We met at The Grotto, an Italian restaurant that is charmingly shabby with a waterfall and pictures of Jesus, the Pope, and Frank Sinatra.  It’s kind of dark and there are alcoves.  There were a few professors basically drinking their lunch and a couple who were paying too much attention to each other to be married, although they both had wedding rings.  I had thought it would be a good place to have a delicate conversation, but when I got there, it occurred to me that if I wanted to hit on someone, it would be the perfect place.  I wondered if that would occur to Alice.

“This is great,” she said.  “So atmospheric.”  I was glad she hadn’t said “romantic.”

I thought I’d better wait till we had something to eat to bring up the Situation.  If it turned into a drama, I didn’t want to miss my lunch.  We were on our second piece of pizza when I decided to open the discussion.

“Well,” I said, “I guess you wonder what I needed to talk about.”

“Well. Yeah.  Is everything all right with Ed and the kids?”

“Oh, Ed is fine, the kids are fine, Duke and Nigel are fine.  I’m fine.  My job is fine.  Karen and Nikki are fine.” 

“That’s fine.  I mean, I’m glad.”

“But Emily isn’t so fine.”

Alice looked scared.  “Is she sick?  Is she mad at me?”

“No, she’s fi . . . I mean she’s well.  And she’s not mad, but she’s very confused.”

“I don’t understand.”

 I took a deep breath.  “Alice, what’s your deal?  Are you gay?  Are you interested in Emily?”

In a movie Alice would have choked on her iced tea.  But she just sighed and looked sad.

 “Years ago I tried to be a Lesbian, but it didn’t work out.  I don’t know if I just didn’t meet the right woman or what.  I had lots of terrific friends, though.  It might have been the Reverse Katharine Hepburn Syndrome.  Everyone knew I was straight but me,”

The Syndrome certainly gets around.

“So I dated men,” Alice continued.  “I had some wild and crazy times, but it got to be too much trouble.  It was interfering with my writing time . . . Anyway, I love Emily as a friend, but I guess that’s the best I can do.  Tell Emily I’m sorry.  But if it will make her feel any better, I haven’t had sex for four years.”

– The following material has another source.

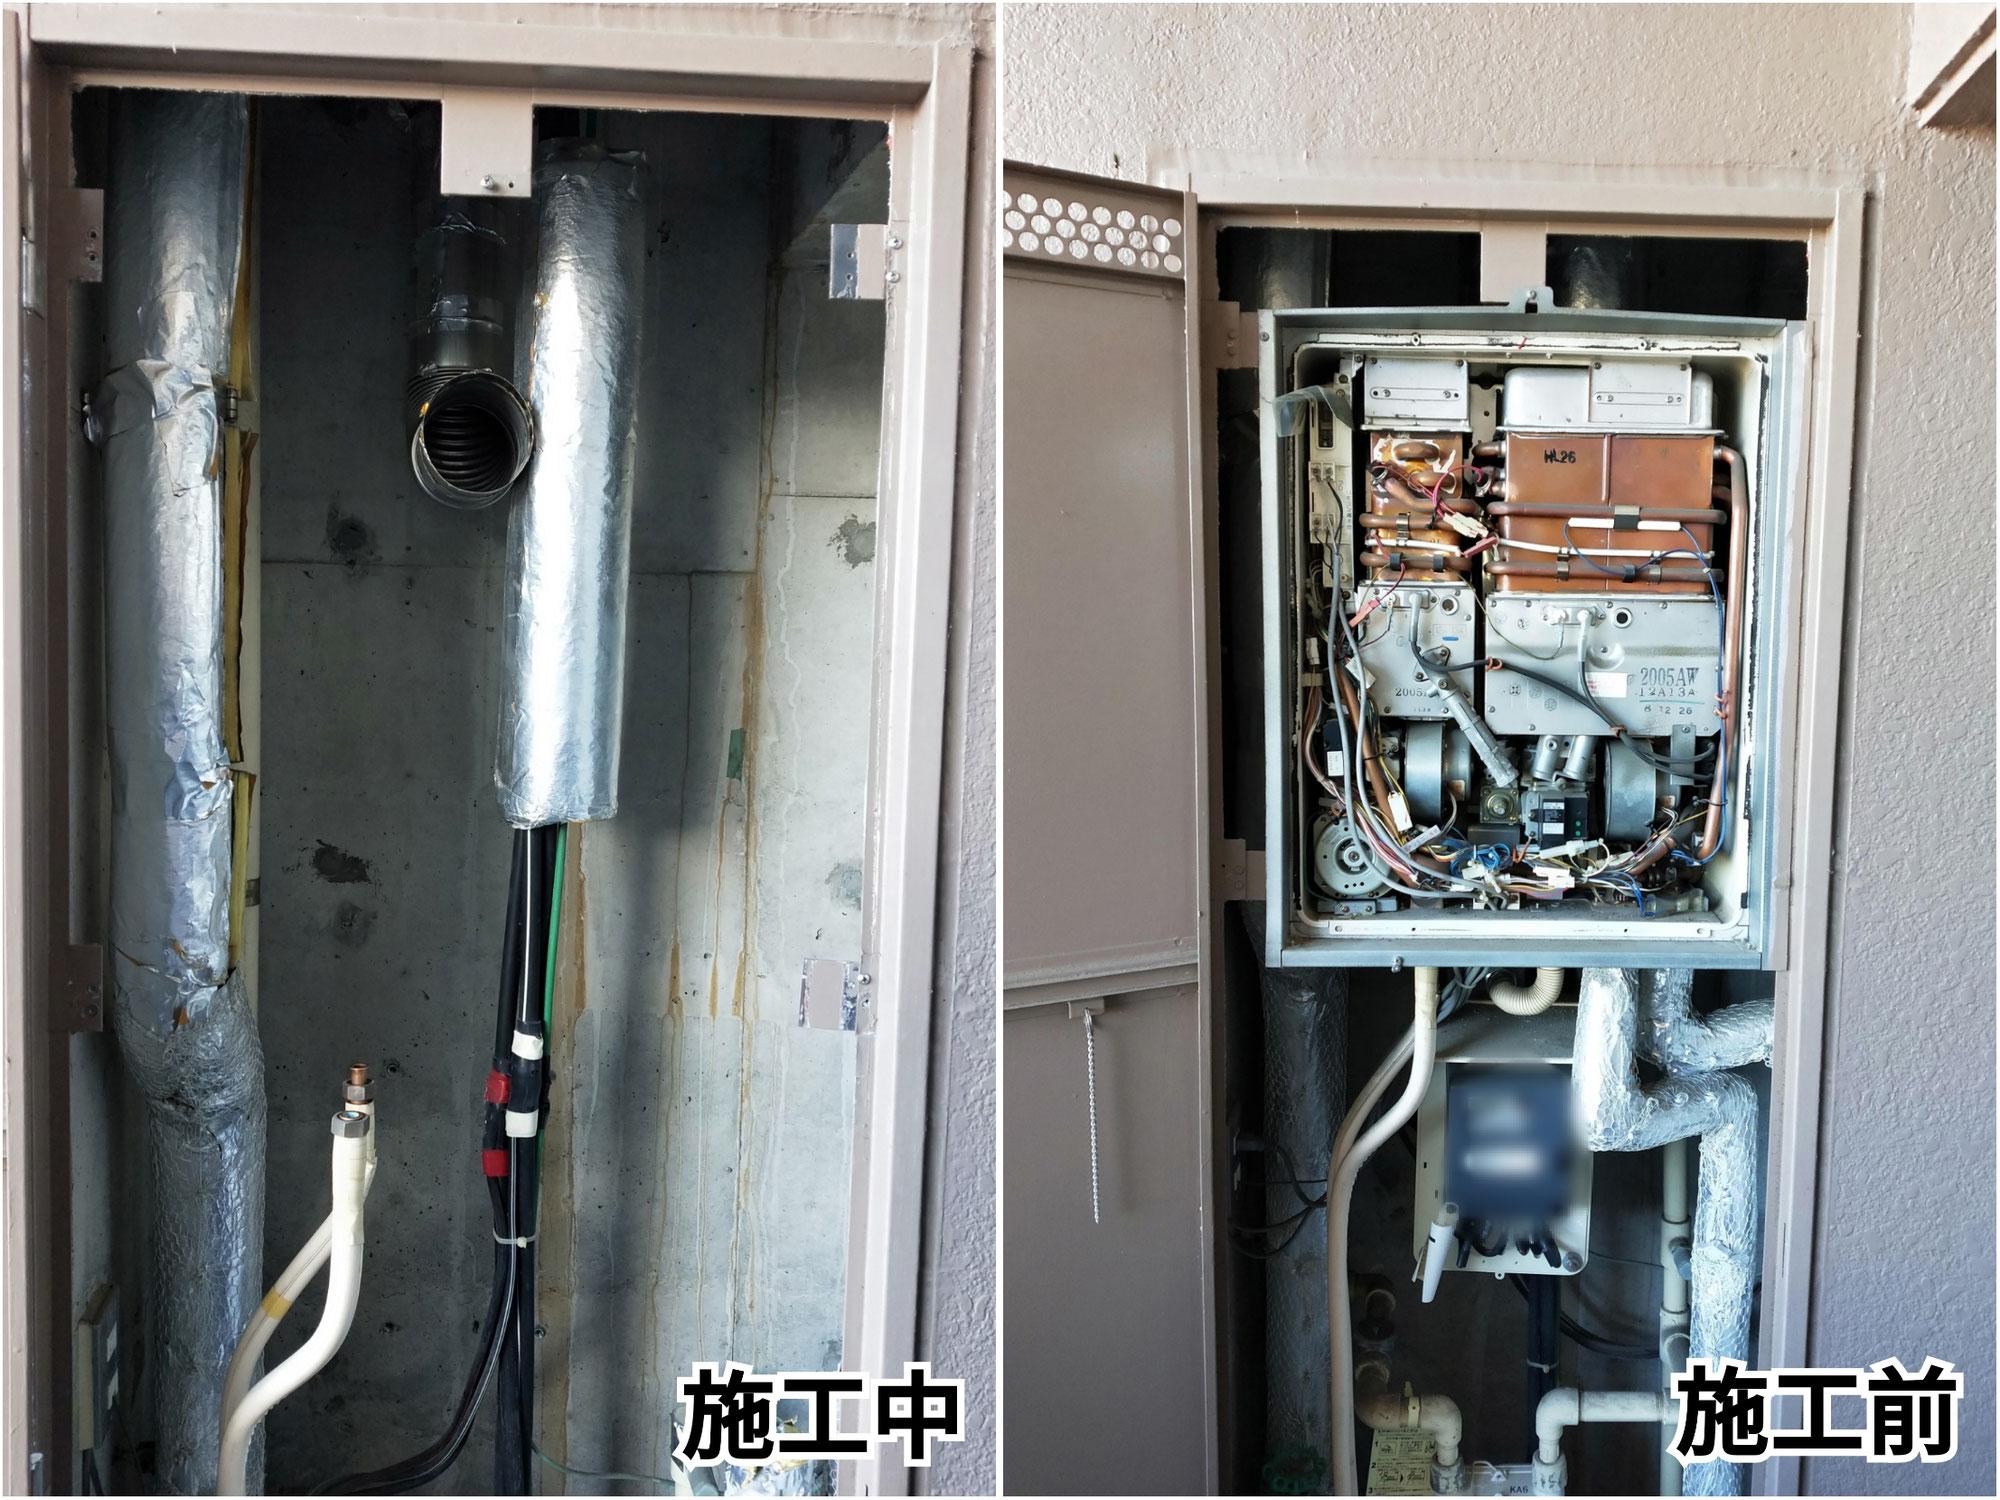 PS扉内後方排気型ふろ給湯器を取替①

“Poor Emily.  She’ll be very disappointed.”  I didn’t know what to say about Alice’s sex life.

“Do you think she’ll still want to be friends?”  Alice sounded wistful.

“Emily was in a support group with the woman who had dumped her, the woman she had dumped for her, and the woman she had been dumped for.  All at the same time.  I guess she can handle it.”

Alice was impressed.  “She never told me about that.” 

It was time to go.  “I’ll call you after I talk to Emily,” I promised.

We were going in opposite directions, and as I watched Alice walk away, I thought it would make a great final scene for a movie.  But it should be in autumn, with leaves falling, not spring.